Zo ver is het nog niet. Verschillende onderzoeksgroepen wereldwijd werken naarstig aan het verhogen van het photovoltaïsch rendement van de DSC’s. Inmiddels ligt deze net onder de 15 procent. Het laatstgenoemde percentage is volgens Van Haren de drempel die moet worden genomen naar de markt. ‘Jaren hebben onderzoekers stukje bij beetje het proces geoptimaliseerd’, aldus Van Haren. ‘Nu heeft de onderzoeksgroep van Grätzel in mei 2017 een artikel in Nature gepubliceerd dat een game changer kan worden.’ Grätzel en zijn team hebben een redox mediator ontwikkeld waarmee het transport van de elektronen sneller plaatsvindt.

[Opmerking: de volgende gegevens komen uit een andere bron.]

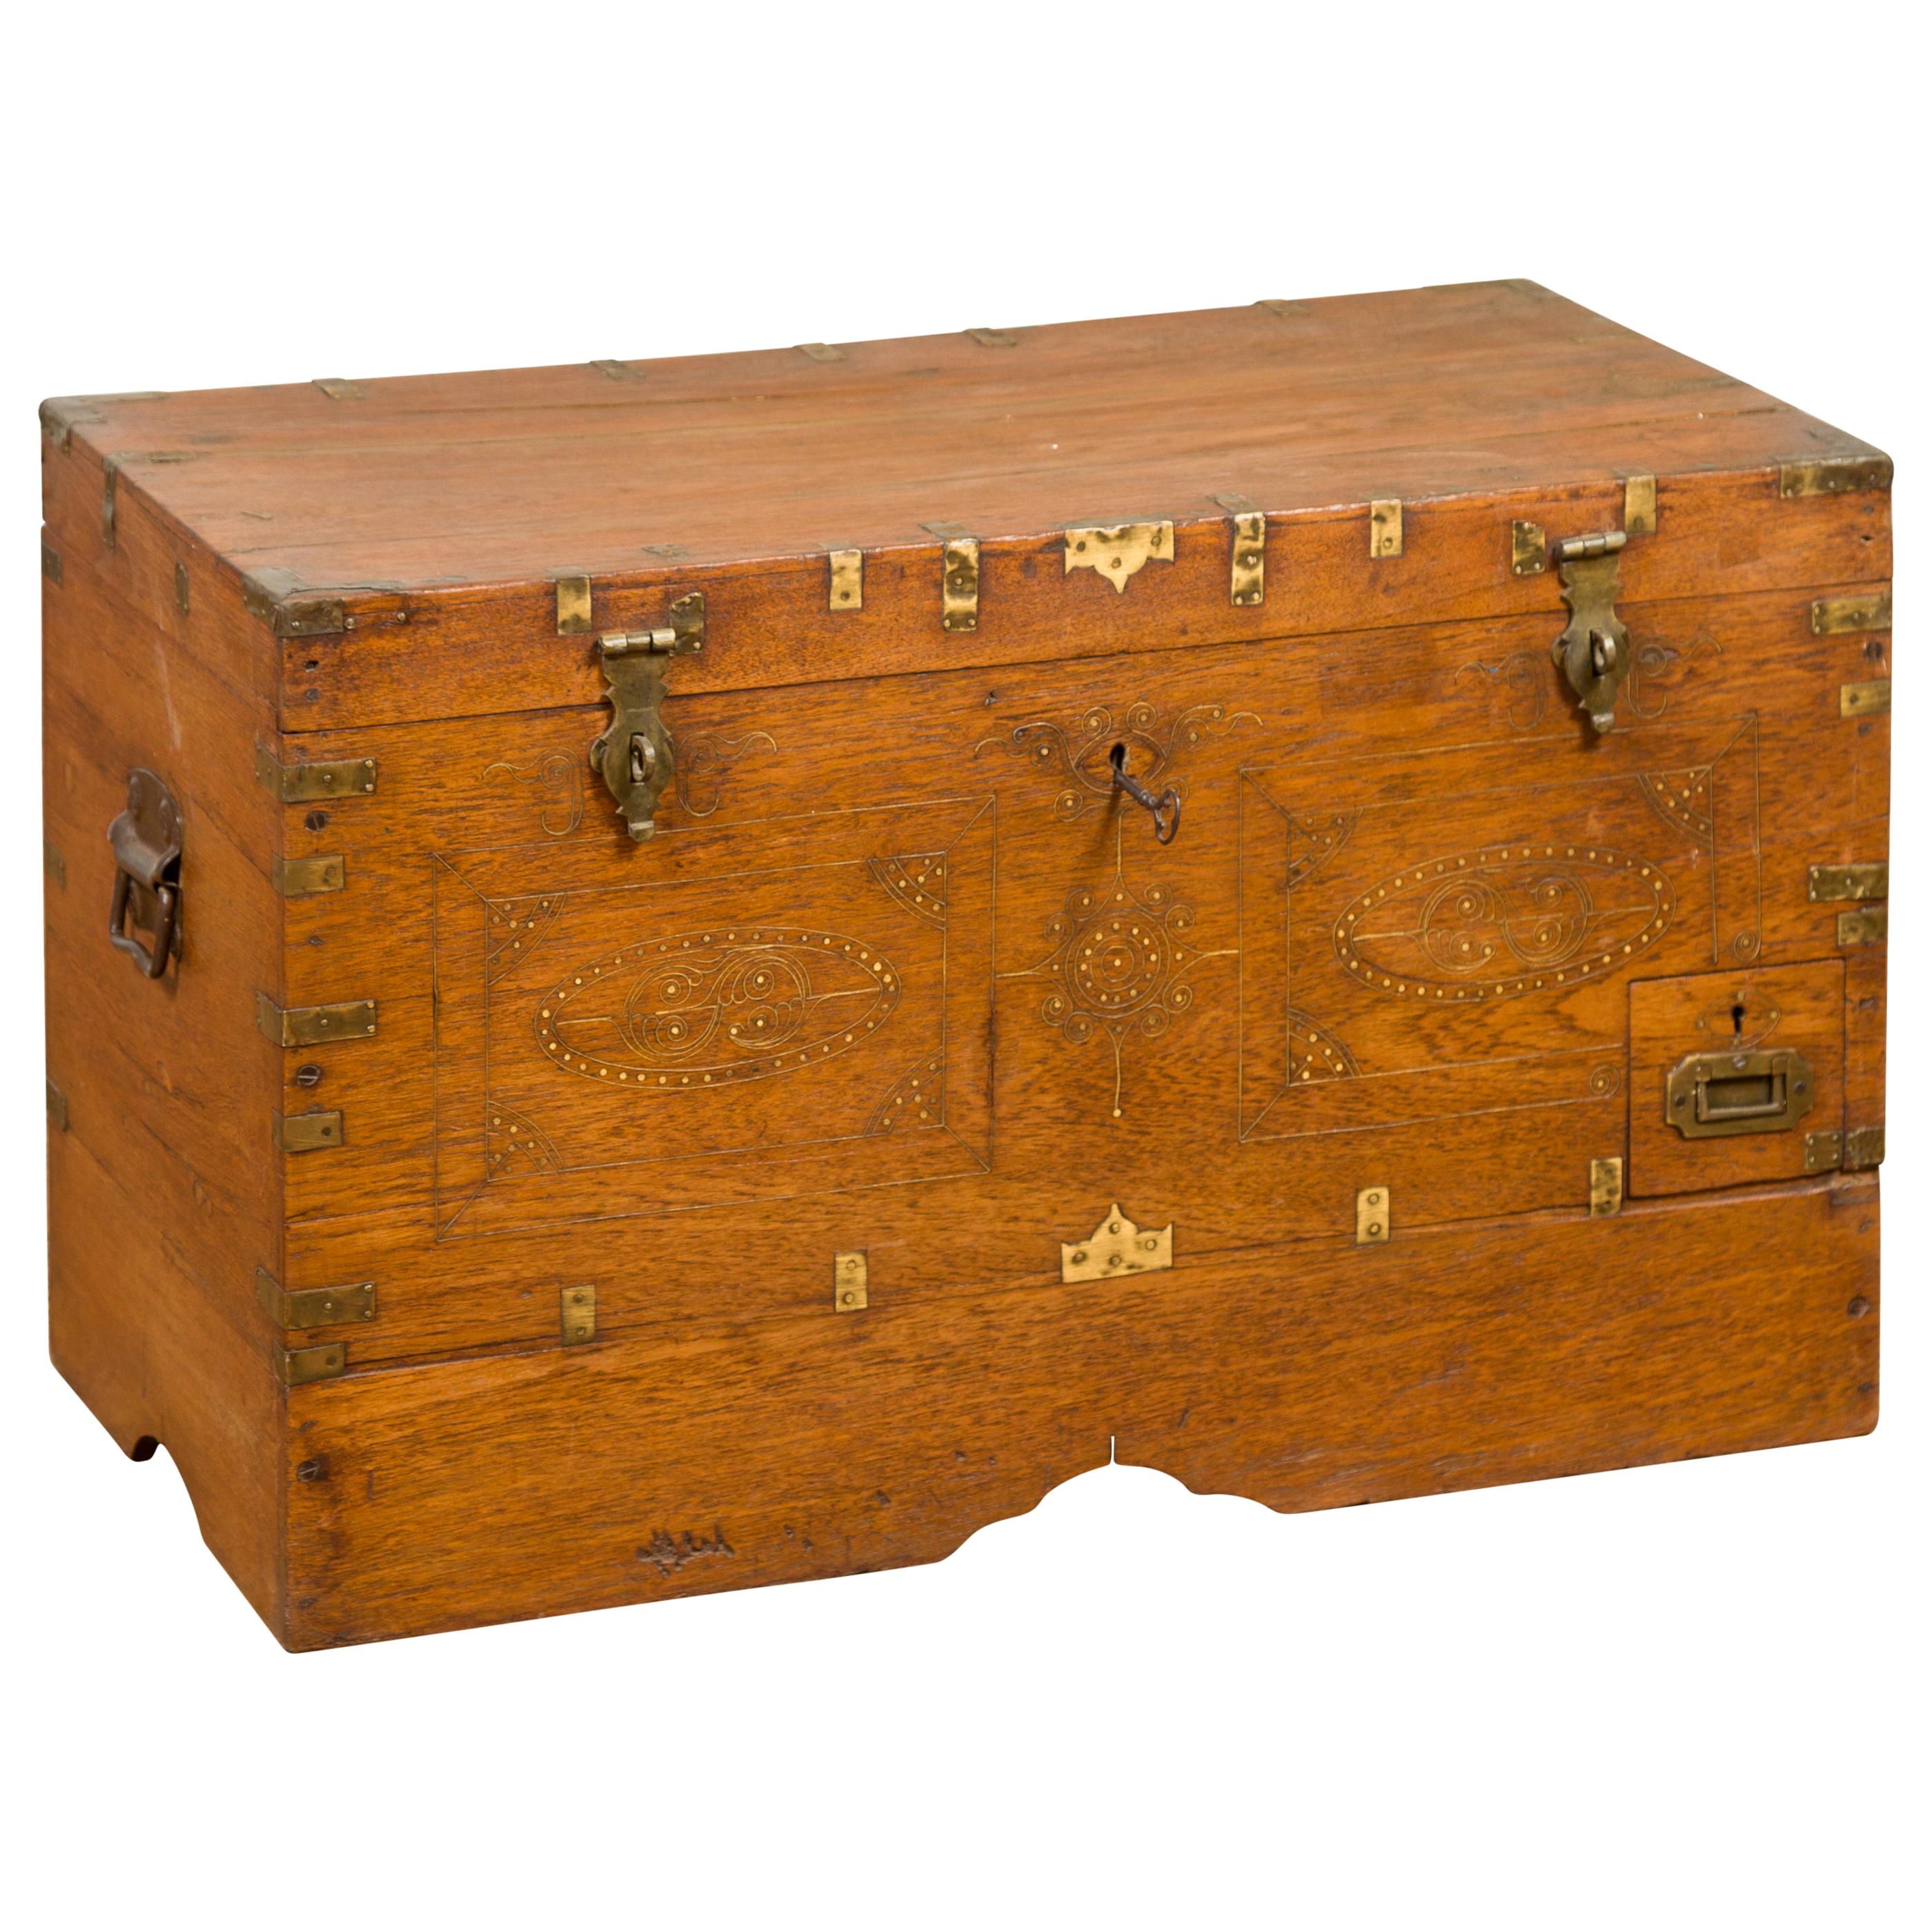 Antique Indonesian Wooden Compartmented Wedding Chest with Brass Accents

Daarmee neemt de efficiency toe met een factor 2: zo rond de 28 procent. ‘Een geweldige sprong voorwaarts’, zo stelt Van Haren. ‘Er zijn nog wel een aantal hordes te overwinnen. DSC’s zijn gebaseerd op synthetische kleurstoffen (een vaak gebruikte variant is een ruthenium-polypyridinemolecuul, red.) die het milieu belasten en de levensduur van de DSC’s verkorten omdat deze een corrosieve werking hebben op metalen zoals koper.’

Anthocyanen eerste optie

Er zijn inmiddels verschillende proeven uitgevoerd om de synthetische kleurstof te vervangen door natuurlijke kleurstoffen. Deze testen zijn wel uitgevoerd in opstellingen voordat Grätzel en zijn groep met de nieuwe redox mediator op de proppen kwam. Van Haren: ‘Hierdoor ligt het speelveld helemaal open en zullen eerdere testen met natuurlijke kleurstoffen (bijvoorbeeld anthocyanen, chlorofyl, carotenoïden, red.) opnieuw moeten plaatsvinden. In principe zijn verschillende typen geschikt, maar we zullen ons in eerste instantie richten op anthocyanen. Deze kunnen, ook in minder zuivere concentraties, prima licht omzetten in energie. Bovendien ‘passen’ deze kleurstoffen in een productieproces waarbij in olie of water opgeloste extracten op een folie worden aangebracht, bijvoorbeeld in een gel.’  Een ‘punt van aandacht’ is wel de stabiliteit van natuurlijke kleurstoffen. De gevoeligheid voor UV-licht is een probleem dat kan worden verholpen met UV-filters of de formulering – door de toevoeging van anti-oxidanten – van het electroliet.

Lat ligt hoog

Een andere horde is de levensduur. Natuurlijke kleurstoffen hebben een bepaalde levensduur die korter is dan van synthetische kleurstoffen of op silicium gebaseerde zonnecellen. Mogelijk zouden folies kunnen worden ontworpen waarbij natuurlijke kleurstoffen worden aangevuld of dat de folies geheel worden vervangen. Qua kosten lijkt het in ieder geval niet de meest aantrekkelijke optie. ‘Dat valt te bezien’, aldus Van Haren. ‘We willen de anthocyanen extraheren uit reststromen uit de sierteelt (tulpen etc.). Dat gaan we testen met superkritische CO2. Dat is niet de meest goedkope methode, vandaar dat we ook gaan testen met ‘natural deep eutectic solvents’ (NADES). Deze oplosmiddelen worden gevormd door mengsels van twee of meer vaste stoffen die – eenmaal gemengd – vloeibaar worden. Het mengsel heeft een smeltpunt dat significant lager ligt dan van de afzonderlijke stoffen: het eutectisch punt. Hierdoor kunnen vaste stoffen vloeibaar worden bij kamertemperatuur en onder atmosferische druk. Kortom, we willen niet alleen duurzame – en goedkope – grondstoffen inzetten, maar ook het extractieproces verduurzamen. We leggen de lat hoog.’